Repeat only the lines from the one that contains "Dessous de plat" through the final line of the listing below, exactly, please, without pictures.
** Opening Dataset extract block **
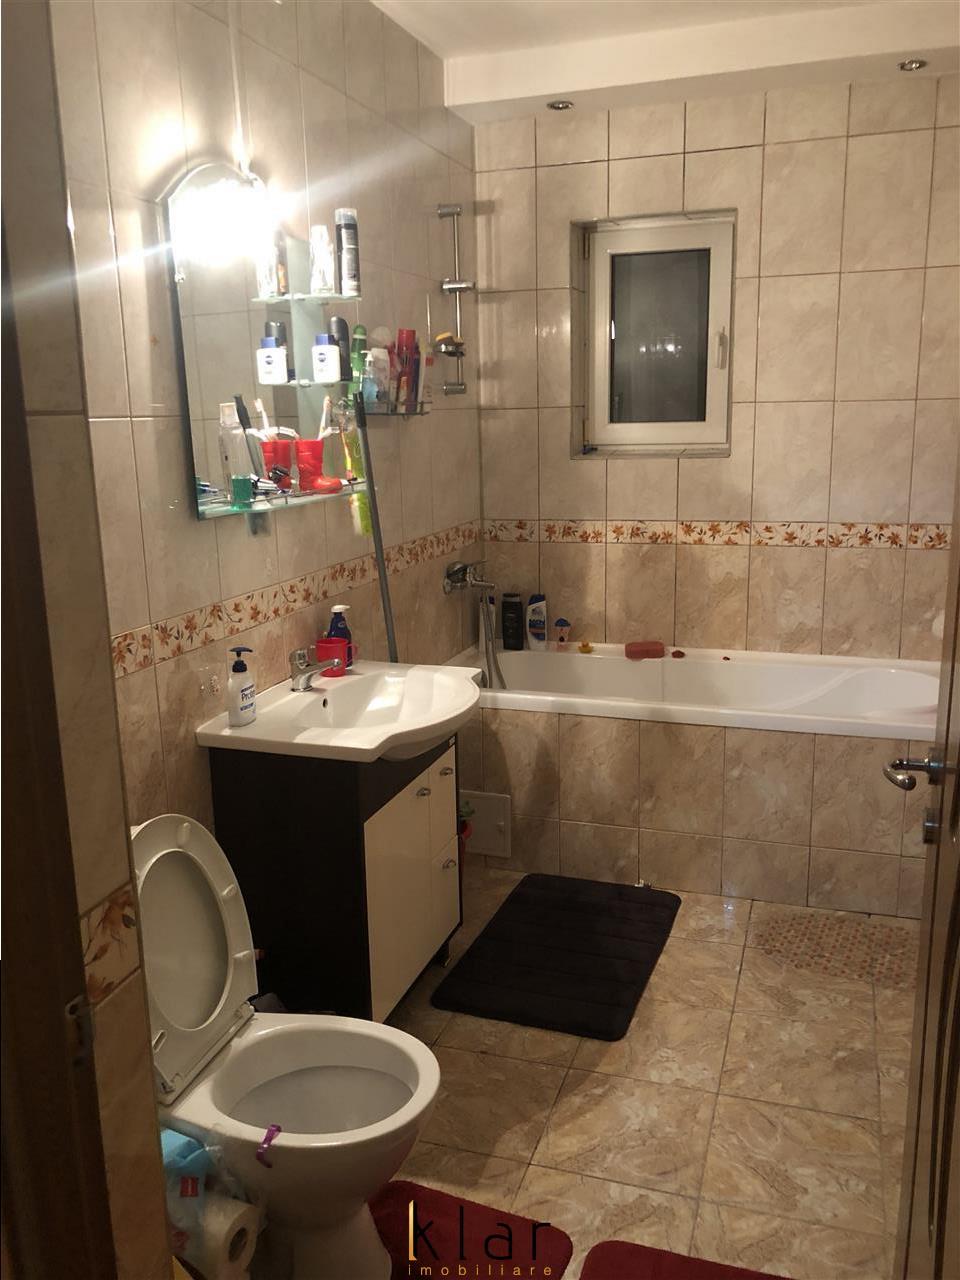 Apartament de inchiriat complet mobilat si utilat in centru FLORESTIULUI!
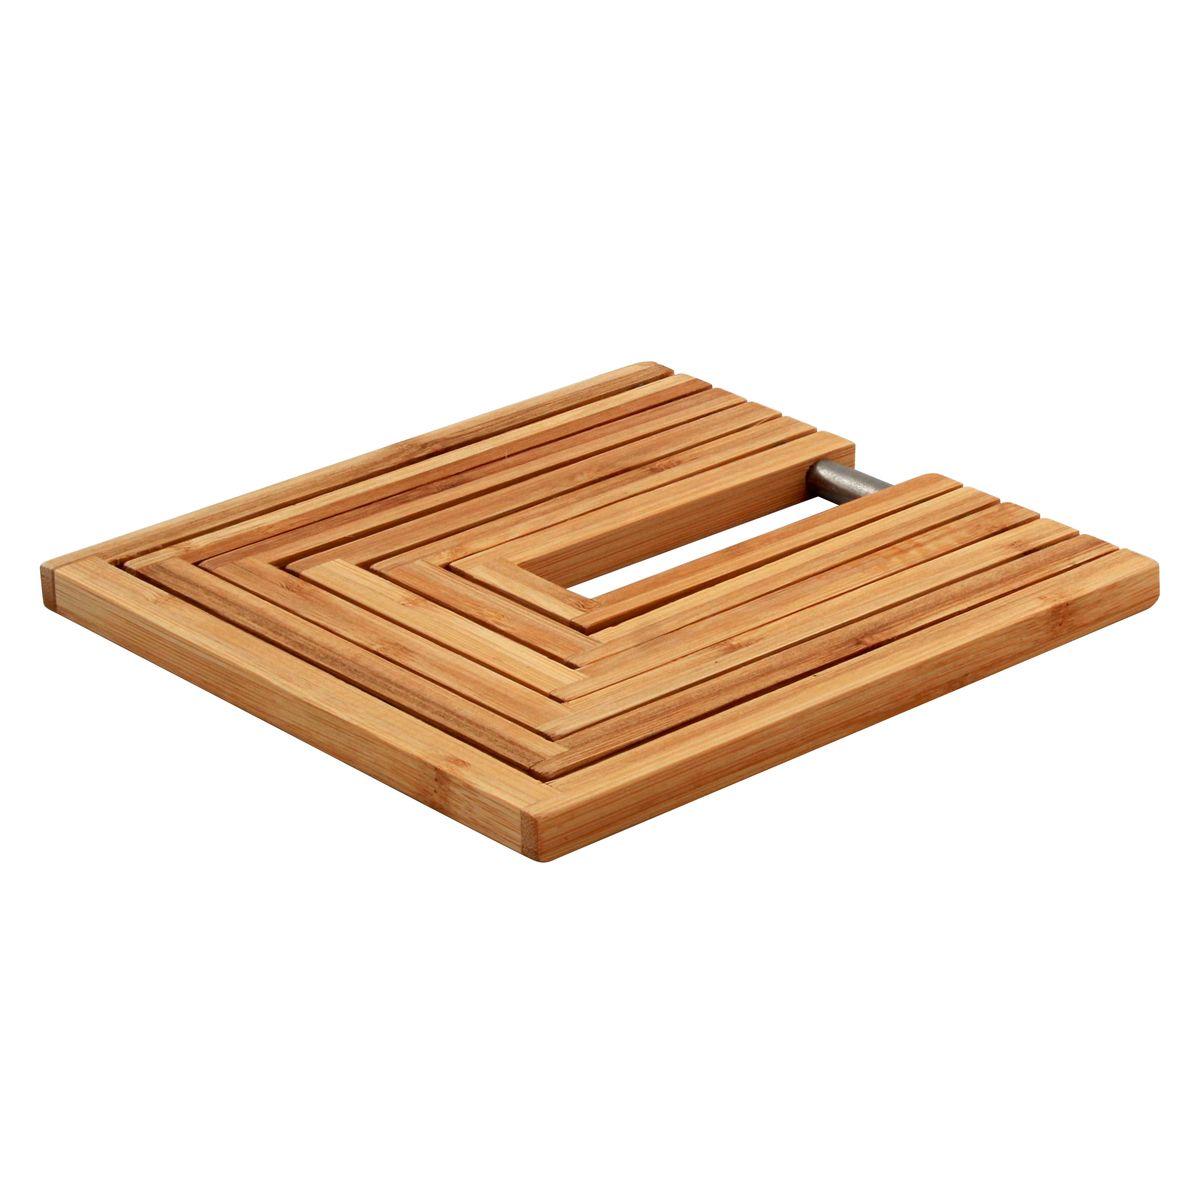 Dessous de plat bambou modulable 19*19*21 - Point Virgule
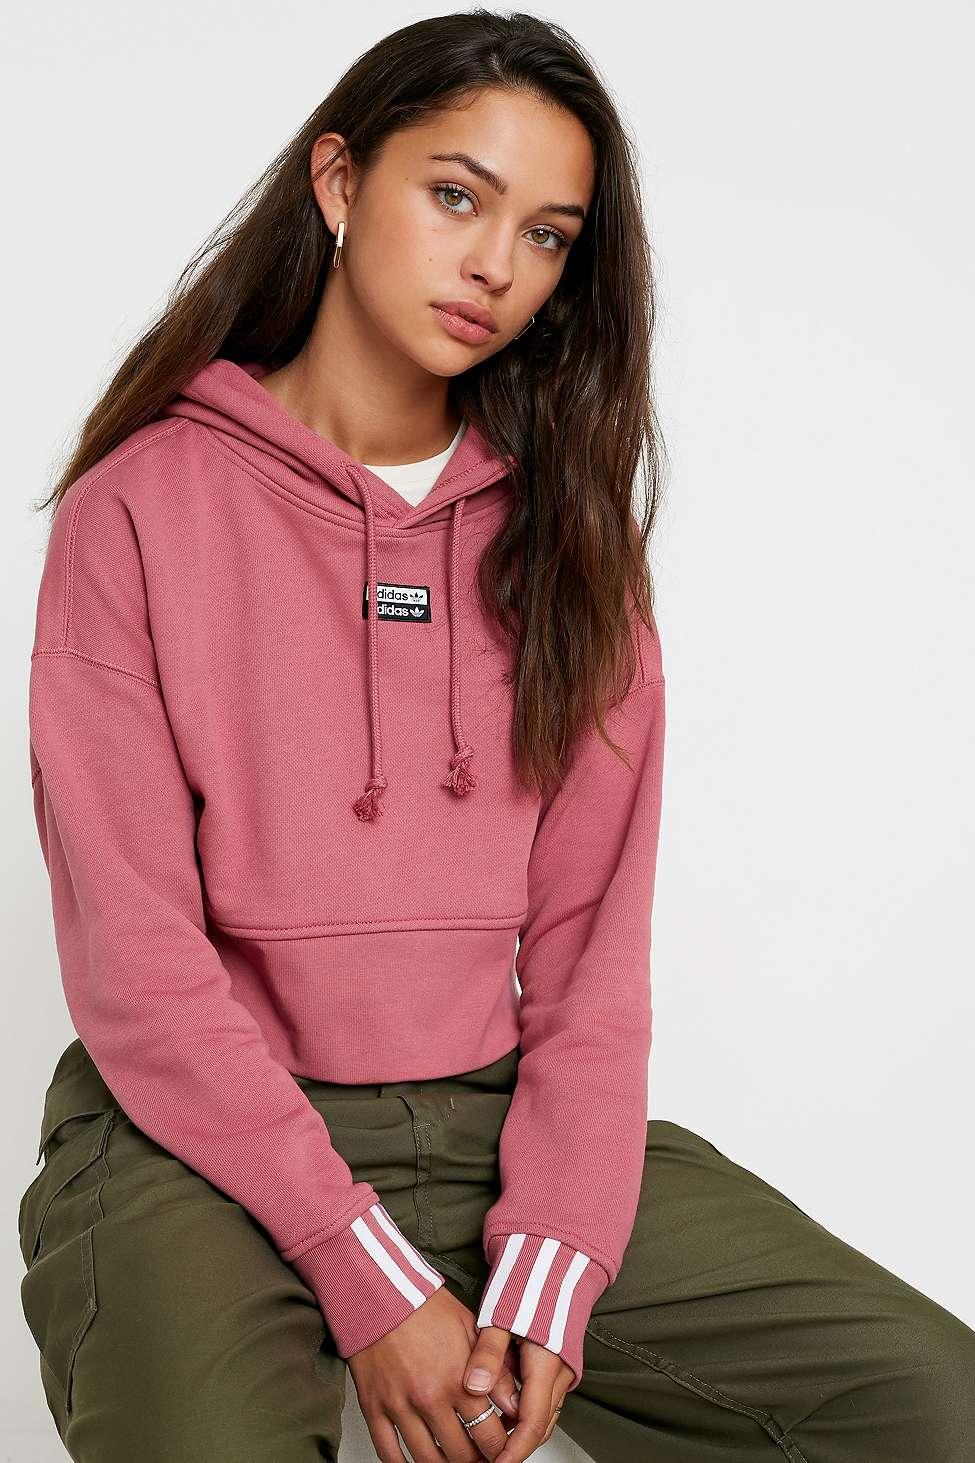 Adidas Originals Vocal Cropped Hoodie by Adidas Originals
** Closing Dataset extract block **
_Your solution_:
 Dessous de plat bambou modulable 19*19*21 - Point Virgule
 Adidas Originals Vocal Cropped Hoodie by Adidas Originals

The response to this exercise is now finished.